Jun 05

Easy Backyard Bird Feeding Area for Photos

male cardinal on feeder sm'

It’s pretty easy to set up a feeding area to bring the birds closer so you can take some pictures.

bird feeder area

I recently upgraded my camera and decided to build a bird feeding area for practice taking pictures of wildlife.  As you can see, it’s doesn’t look like much!  I’ll be working on that, but for the moment this actually serves pretty well.  How you set up an area like this will depend on your camera.

My camera is a dSLR, and I have a 200mm lens on it that’s older than me.  With this combination I needed the feeder to be far enough away to be able to focus, at least nine feet.  It actually looks a lot further away in this photo, but it’s only about 15 feet from the window.

Later I plan to put potted plants on the ‘table’ to the right, behind the log.  Right now there are raisins on it.  You can also tuck foods like raisins into crevices in a log.

redbellied woodpecker sm

The hook the feeder is hanging from gives the birds a place to perch and look around before they eat.  The logs below the feeder are fallen branches from a tree out front.  This gives the birds another place to perch and can make the photos look more natural.  You can use all kinds of things to give the birds perches; it just depends on how natural you want your photos to look.

This woodpecker came just to check out the log.  Woodpeckers eat seeds and fruits as well, but my current feeder isn’t particularly suited to them.  There are a number of feeder and food types available, including dried mealworms.  Find out what birds are likely to be in your area to choose which ones to use.
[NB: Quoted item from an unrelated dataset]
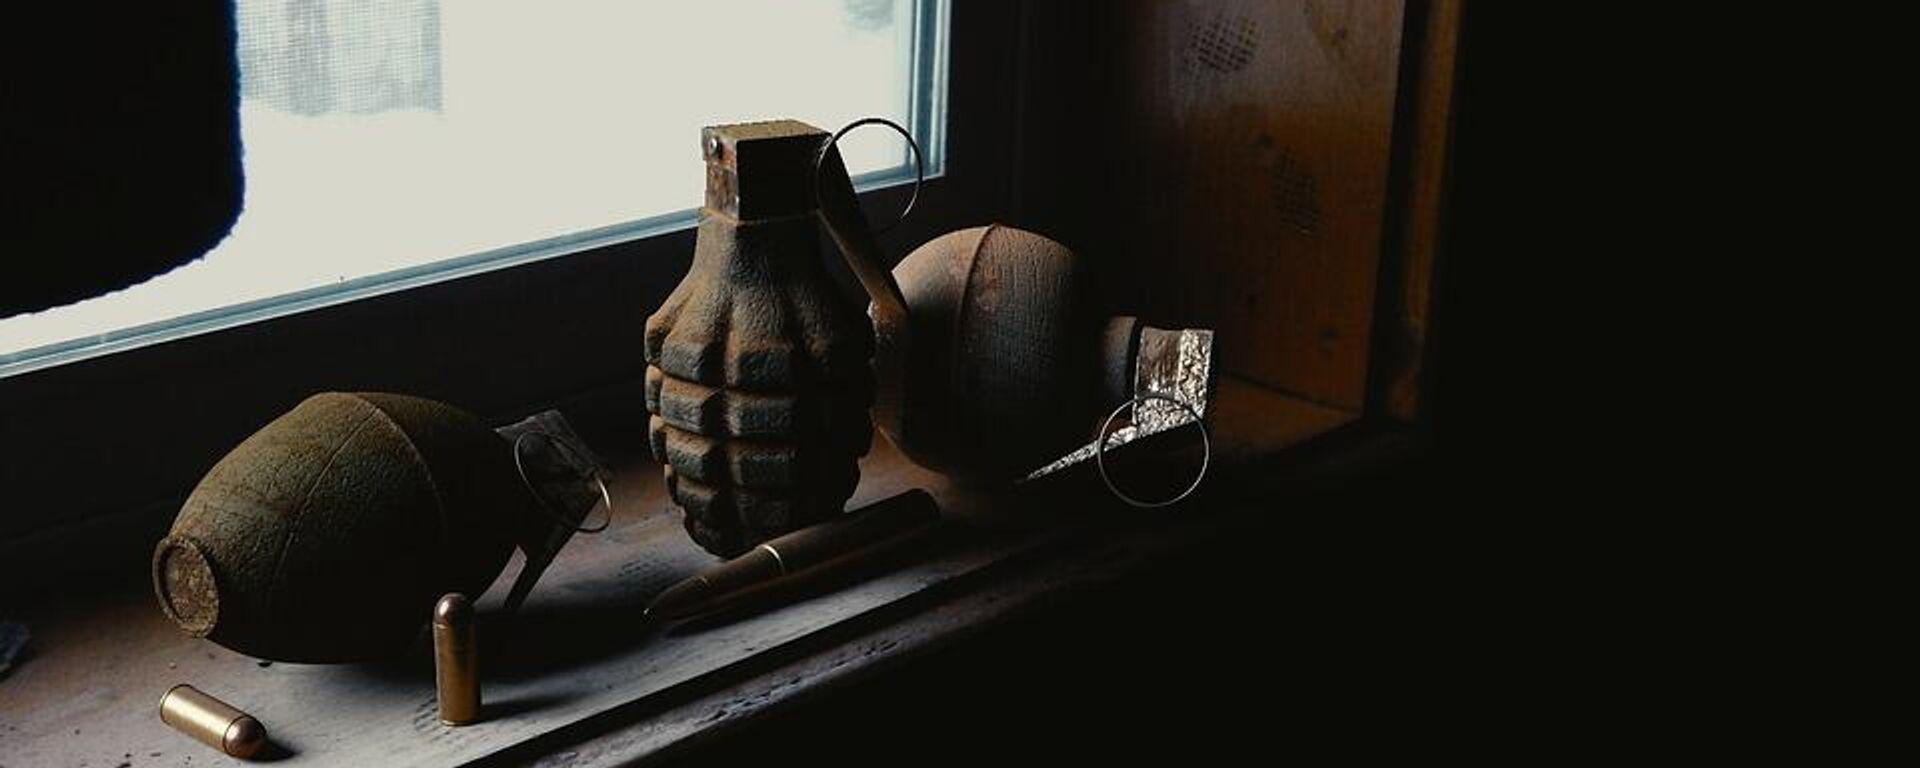 Χειροβομβίδες και σφαίρες - Sputnik Ελλάδα, 1920, 21.09.2021

Both the logs and the feeder are placed so that there is a green background for the photos.

shelves and stuff

Here’s what it looks like from inside.  Koshka’s shelf is right under the window.  (Mau’s shelf is under the other window.)  She and I use it to look at the birds.

Below Koshka’s shelf is a set of shelves for my stuff, and my box of lenses is on the top shelf.


And here are my lenses.  The tall one in the front is the one I use the most (a 200mm prime lens with an adapter for my camera).  I found the box at Burlington for $8.  It fits well on my shelf and holds all my lenses.

female cardinal sm

You can set yourself up to take some photos as well.  How you do that will depend on your camera.

If you have a telephoto lens you can set up like I have, putting the feeder and perches some distance from your observation area.  You will need to be careful about your windows in this case.  Anything that will break up reflections and make the window more obvious to birds will work.  This could be as simple as keeping your curtains or blinds closed when you’re not at the window.  There are a number of other options you can use as well.

titmouse a

If you have a point and shoot camera, you can do this too, but you can and may want to put your feeder much closer to your observation area.  If the feeders are close enough to the window, this will also help prevent birds from being injured.

house finch trio

It isn’t long before you start recognizing particular birds.  This group of house finches has been visiting since I installed the feeder.  It is a pair and one of their offspring.  I realized they were the same birds because one of the females (the one on the left) had a problem with her eye.  I’ve been watching her eye get better since.

blue jay sm

One last tip: just don’t buy the cheap mixed seeds.  The birds don’t want the filler seed that makes up the bulk of the mix.  They will dig through the seeds, throwing the filler seeds on the ground, just to get at the good ones.  A small bag of sunflower seed will last a lot longer than a larger bag of a cheap seed mix.  (I find this to be true even with squirrels taking some seed.  If you have really hungry squirrels you might have to take other steps.)